Betsy Scheintaub says she first realized what it was like to feel warm on a winter's night about three years ago. That's when she and her husband, architect Jesse Thompson, finished renovating their 1960s house in Portland, Maine, into a supertight model of energy efficiency. "This just doesn't have the chill that most New England houses do," says Scheintaub, a fiber artist.

"In most houses around here, you need an extra sweater on winter nights. But this house actually stays warm."

Thompson, of Kaplan Thompson Architects in Portland, used his own home to experiment with techniques that he's since used for his clients, including wrapping six inches of used insulation around the house and then installing new siding over it. He also had insulation layered over the existing cellar floor and then had a new floor poured over that. The one-story ranch house was rebuilt into a sleek, two-story, three-bedroom dwelling that has a decidedly Scandinavian look.

The well-sealed house has a mechanical fresh-air ventilation system and a propane boiler for heat and hot water.

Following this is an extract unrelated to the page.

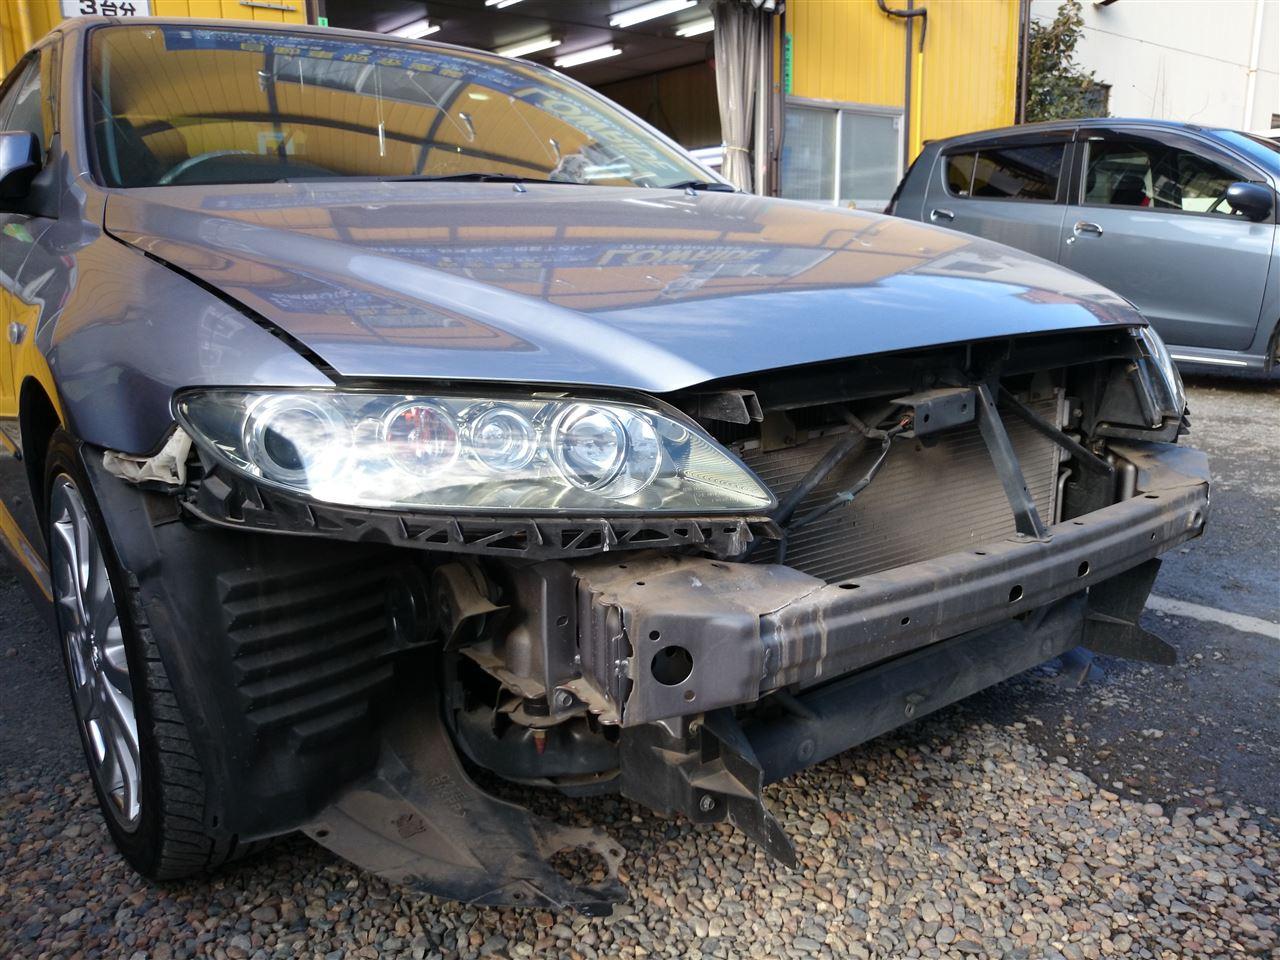 東京都立川市の車の板金塗装修理工場 ガレージローライドのスバル レガシィの前まわりのキズ へこみ の板金 修理 塗装 です。

The propane bills are $500 a year. "It's really a quiet house, since it's so tight and we don't have an oil boiler," Thompson says. "And I really like that."

The living room, dining area, and kitchen are all open to one another, taking up about 575 square feet, most of the footprint of the old house. The living room's 12-foot-high ceiling, which curves upward from the kitchen's lower ceiling, and its two large, stacked windows make the 1,900-square-foot home seem larger than it is. "With those windows going right up to the ceiling, you get this feeling of really being connected to the outside. You look at a tree and you see the whole tree," Scheintaub says. "People come over and say, 'Oh, it's so big in here,' but our house is smaller than a lot of people's."

The couple and their two children, ages 9 and 12, moved into the unrenovated house in 2008 and slowly started planning the rehab and gathering salvaged materials. The most unusual of those are probably the 1,000 square feet of slate roof tiles from an 1860s Maine barn. Thompson ended up using them as siding for part of the house and for the chimney. "Though I wish the two-year renovation could have gone faster," Scheintaub says, "we did have time to look for and find lots of great things."